Я пожал плечами и сказал:
— Исламисты? Зомби из «красных бригад»?
— А вот и нет, — сказала Штефи. — Но это же уму непостижимо… Её взорвал мой сосед по лестничной клетке.
— А на хрена?
— Он хотел взорвать другого соседа, подложив в его квартиру бомбу с часовым механизмом, но во время закладки… Сам взлетел на воздух… Слушай, мне это всё не снится?
— Ты окружена террористами, Штефи… Знаешь, переезжай лучше на время ко мне…
— Но это же уму непостижимо… Подрывнику шестьдесят семь лет, он влюбился в подругу соседа… И решил его взорвать…
— Не может быть, — сказал я. — Такое бывает, скорее, в бульварных… романах.
Штефи протянула мне газету.
Я быстро прочитал статью и понял, что это был всплеск не её фантазии, а чьей-то — или чего-то другого… Может быть, всё-таки солнечной активности?..
— Сдалась тебе эта активность, — фыркнула Штефи.
— Просто на днях на месте снимка твоего дома была фотография солнца с близкого расстояния, и написано было, что в следующие дни…
— Вернись на землю, Йенс! Это мои соседи! Я каждый день их видела…
— Ты каждый день их видела? Я своих почти никогда не вижу… Слушай, а может, это вообще из-за тебя?

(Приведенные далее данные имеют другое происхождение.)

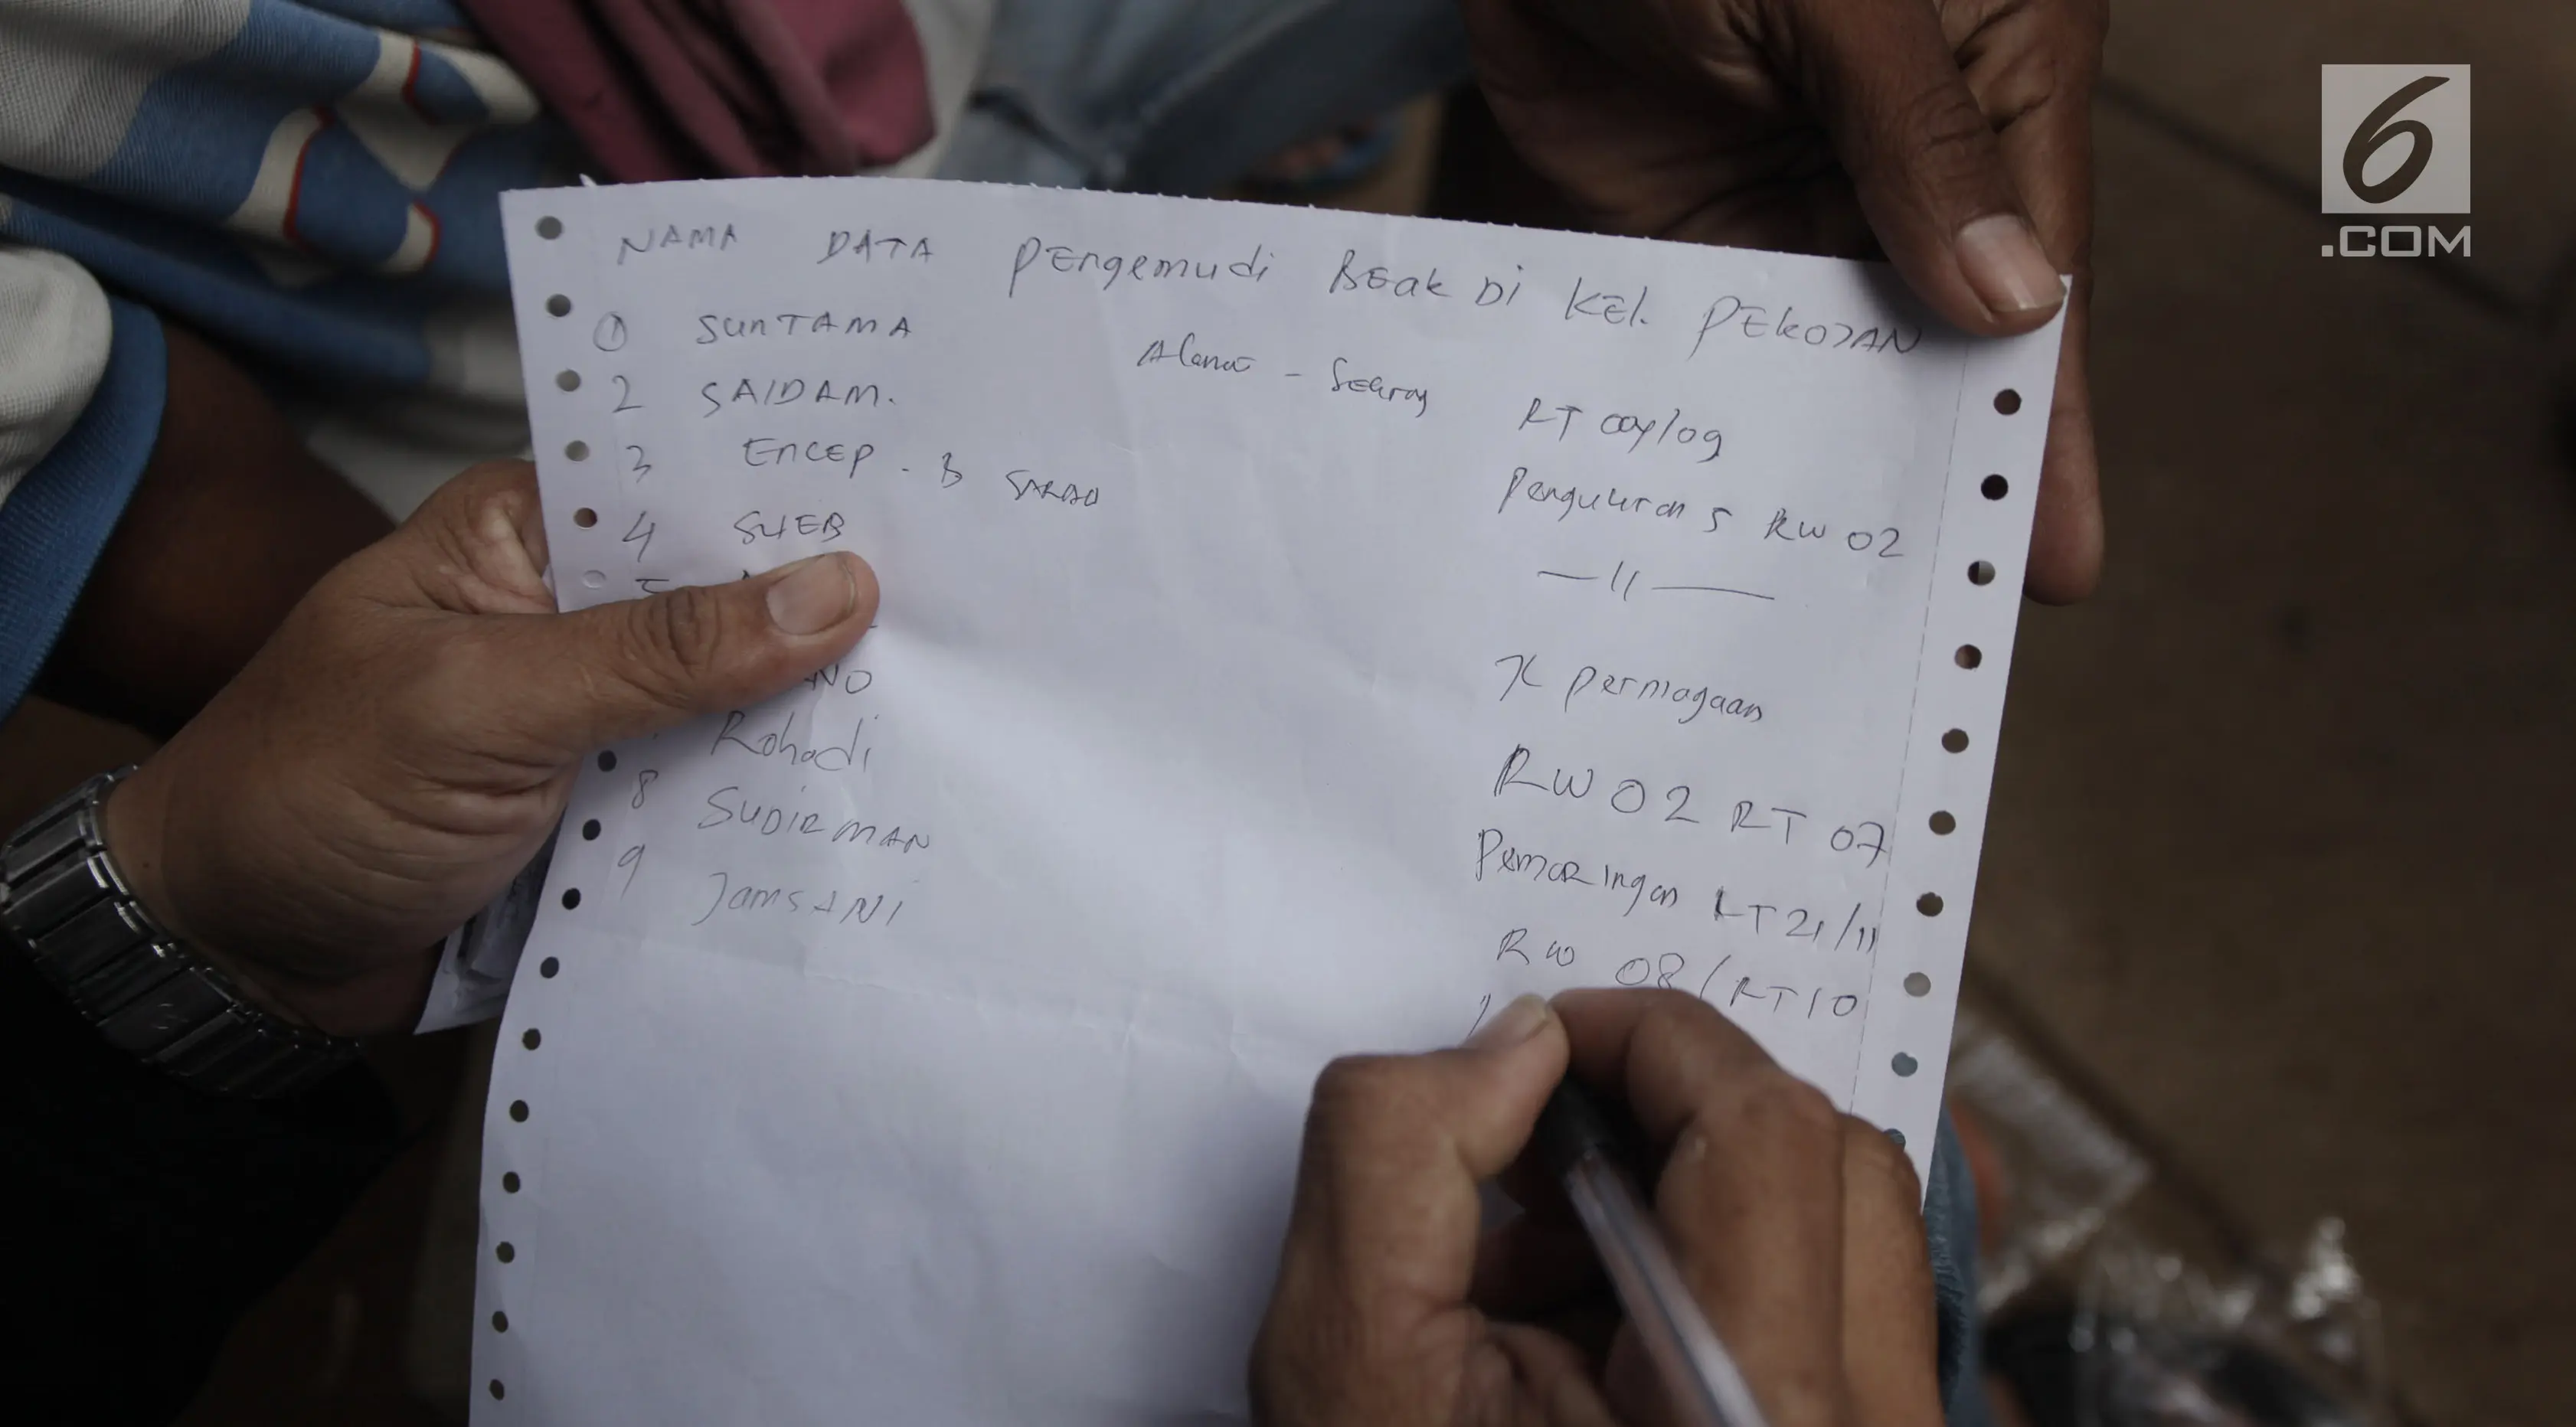 Petugas melakukan pendataan terhadap tukang becak di Kolong Flyover Bandengan Utara, Jakarta, Kamis (25/1). Becak-becak yang sudah didata ditempelkan stiker berlogo Pemprov DKI dan bertuliskan

— Тебе бы всё шутки шутить… Ну я не каждый день их видела, конечно, но я знала этого старикашку, он был очень мил… Второго — которому предназначалась бомба — я редко видела, он был помоложе, всегда загорелый такой, в костюме, благородно-седой… Нет, Йенс, это не из-за меня, ты читай, что там написано: «блондинка»!
— Мало ли, что написано, может, специально скрывают твою «айдентити»…
— Йенс, хватит шутить! Читай! Человек погиб! Дом оцепили! Всех эвакуировали! Потому что он у себя в квартире мастерил адские машины пачками…
— Я и говорю: перебирайся ко мне.
— Сегодня я точно буду у тебя… А завтра посмотрим… Нет, это уму непостижимо…
— Да, странно на самом деле. И то, что он сам подорвался… Хотел занять его место… И занял, да? Скоро у тебя начнёт звонить телефон, все будут спрашивать, жива ли ты.
— И правда, почему никто до сих пор не звонит? Я сама позвоню родителям, — она взяла в руку телефон и сказала: «Мам, ты ничего ещё не знаешь?» После чего стала снова читать вслух передовицу «Абендцайтунг»…
Глядя на её воодушевившееся лицо, я вспомнил, как она… по сути, провоцировала меня на речке… и подумал, что сегодня, наверное, просто день такой…
Международный день самки… Ну и, соответственно — дерущихся самцов…
Но ко мне это имело мало отношения, скорее у меня был свой… День сурка — как-то это было связано с солнцем, я всё же всё объясняю его активностью — вслед за «Абендцайтунг»…
Впрочем, когда мы пришли ко мне, я понял, что для раздражительности была ещё одна причина — у Штефи начались месячные…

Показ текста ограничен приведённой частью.